Shakeloviana: Will Shakespeare

Dopo qualche strologamento, ho deciso di iniziare Shakeloviana con un vecchio (1921) play – e no, non è il Marlowe di Josephine Preston Peabody.

In tutta probabilità parleremo anche di quello, benché ne abbia già accennato qua e là, ma per il momento direi che possiamo cominciare con qualcosa che, nonostante il titolo, si occupa di entrambi i nostri festeggiati – e se ne occupa in modo… vogliamo definirlo bizzarro?

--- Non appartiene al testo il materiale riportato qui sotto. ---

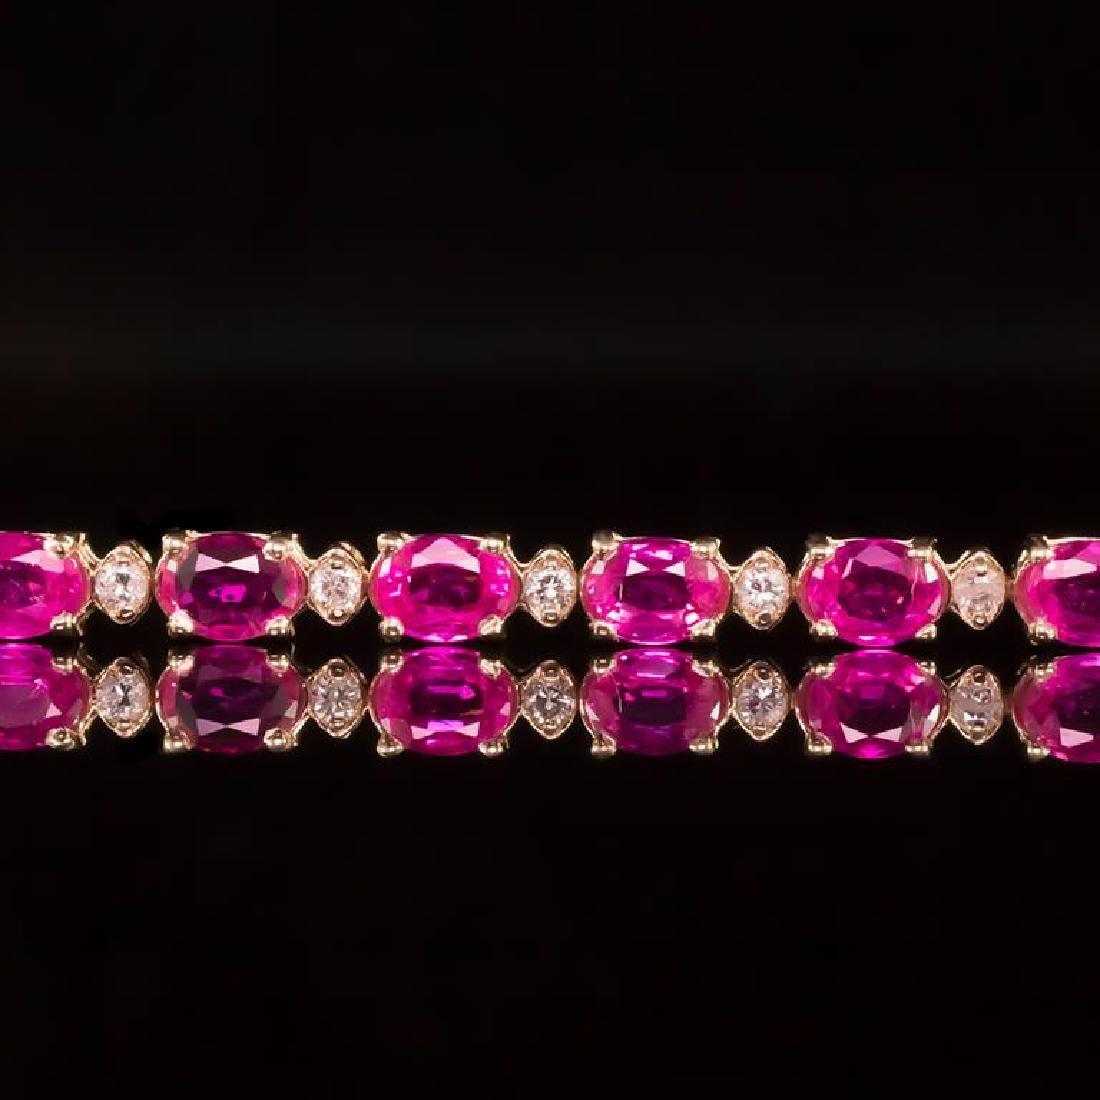 14K Gold 9.36ct Pink Sapphire 0.70ct Diamond Bracelet - 2

Ma sì, diciamo pure bizzarro, e anche ragionevolmente inconsueto. Perché sapete bene che una delle domande senza risposta a proposito del teatro elisabettiano è se Shakespeare e Marlowe si conoscessero e, se non ci sono documenti di sorta a provarlo, le probabilità che si conoscessero sono altine. Voglio dire, colleghi, coetanei e, almeno per un periodo, rivali in un mondo piccolo e denso come la Londra teatrale di un’epoca in qui si viveva gli uni nelle tasche degli altri… Non incomprensibilmente, narratori e autori teatrali hanno sempre abbracciato con entusiasmo l’idea che si conoscessero eccome, perché il gusto di farli interagire fittiziamente non è cosa cui si rinunci con facilità.

English: English novelist and playwright Cleme...Sul tipo di interazione ci sono scuole di pensiero, e Clemence Dane, con il suo Will Shakespeare, an Invention in Four Acts, appartiene a una scuola piccola piccola. Per ora, nel corso delle mie letture, di appartenenti a questa scuola ne ho incontrati soltanto due – ma andiamo con ordine.

Clemence Dane in realtà si chiamava Winifred Ashton, ed era un personaggio piuttosto singolare a sua volta: romanziera, playwright, giallista collaborativa, saggista occasionale, pittrice e scultrice*. Magari qualche volta parleremo di lei, ma per ora limitiamoci a Will Shakespeare, annata 1921, quattro atti scritti in pentametri giambici piuttosto… er, magniloquenti. Il primo atto è ambientato a Stratford, con un giovane Shakespeare irrequieto e visionario e una Anne Hathaway che, all’epoca, sarebbe di sicuro finita al rogo per stregoneria nel giro di tre scene. È un diluvio di inganni, controinganni, ricatti morali, premonizioni e fantasmi… suona gonfio? Lo è – oh, lo è.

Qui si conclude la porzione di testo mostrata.